A new study of the Faculty of Medicine of the University of Washington in St. Louis (United States) can help explain how excess weight can contribute to diabetes and can provide researchers with an objective to help prevent or delayDiabetes in some people at risk.
The findings, which have been published in the magazine 'Cell Metabolism', suggest that many people with high insulin levels, an early score of the risk of diabetes, also have defects in an important enzyme for the processing of a key fatty acid of thediet.
"Between 30 and 40 million people in the United States they have type 2 diabetes, and another 90 to 100 million have risk factors that make them prone to develop type 2 diabetes in the future," said principal researcher Clay F. Semenkovich, Director of the Division of Endocrinology, Metabolism and Lipid Research of the Faculty of Medicine.
"Many at risk of diabetes have high insulin levels, a distinctive seal of insulin resistance and a sign that problems can be brewing. If we could intervene before they really develop diabetes, we could prevent significant health problems, such asheart disease, chronic kidney diseases, nerve damage, loss of vision and other problems, in a large number of people, "he said.
When a person has too much body fat, he tells the beta cells of the pancreas that they secrete more insulin.When insulin levels rise and remain high, the body can become insulin resistant and, finally, beta cells that secrete insulin can fail, which leads to diabetes.
Studying human fabric samples, Semenkovich, Professor Irene E. and Michael M. Karl;the first author Guifang Dong, PhD, senior scientist;Xiaochao Wei, Associate Professor of Medicine;and other researchers at the University of Washington found that insulin overproduction involves a process called palmitilation.This is the process by which cells join the fatty acid palmitate to proteins.

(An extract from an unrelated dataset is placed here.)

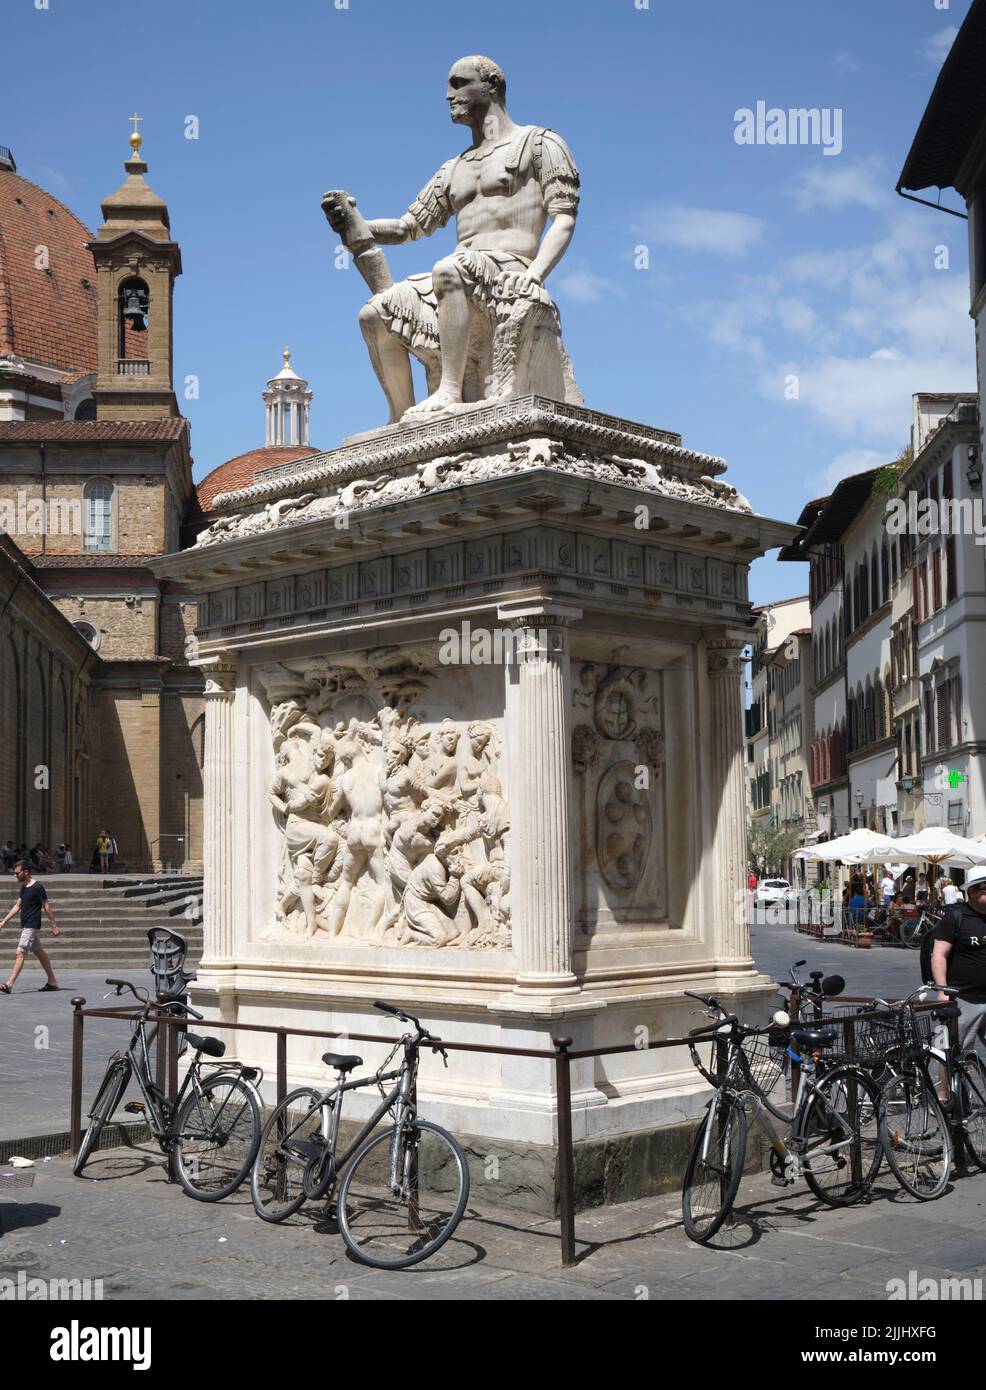 Statue of Giovanni delle Bande Nere (Lodovico de' Medici) by Baccio Bandinelli in the Piazza San Lorenzo Florence Italy Stock Photo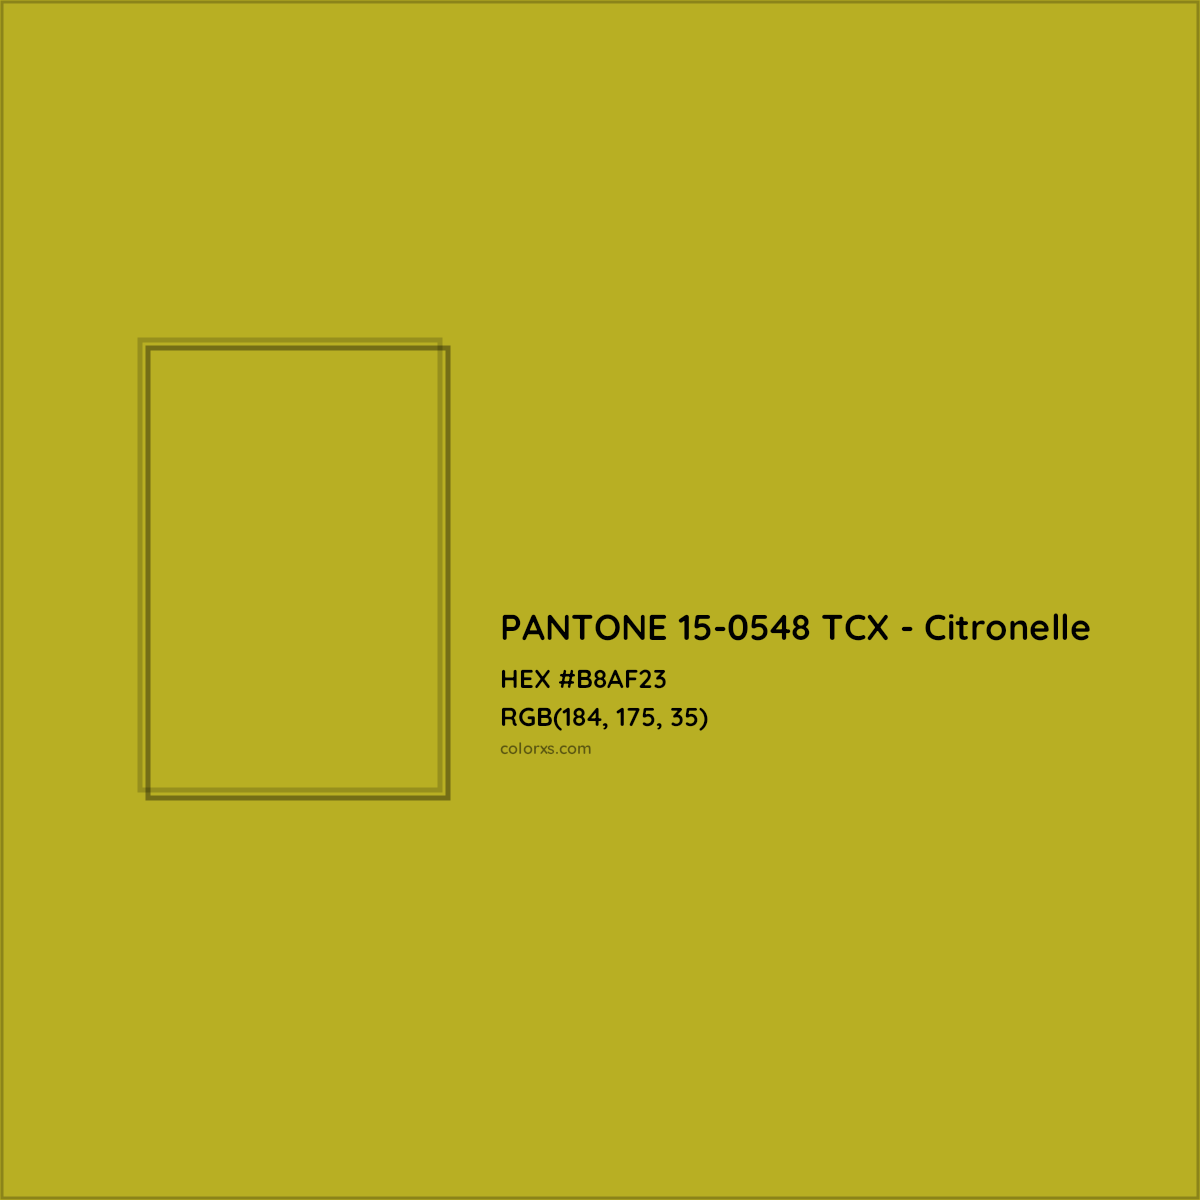 HEX #B8AF23 PANTONE 15-0548 TCX - Citronelle CMS Pantone TCX - Color Code

Thousands of human proteins can be joined to the palmitate, but the researchers discovered that when this fatty acid is not eliminated from proteins in beta cells, the final result is diabetes.When examining tissue samples of thin or overweight people, with and without diabetes, researchers found that people with diabetes had deficiency of an enzyme that eliminates the palmitate of beta cells.
"Hypersecretan insulin because this process goes wrong and cannot properly regulate the liberation of insulin from beta cells. The regulation of insulin release is partly controlled by this process of palmmitilation," said Semenkovich.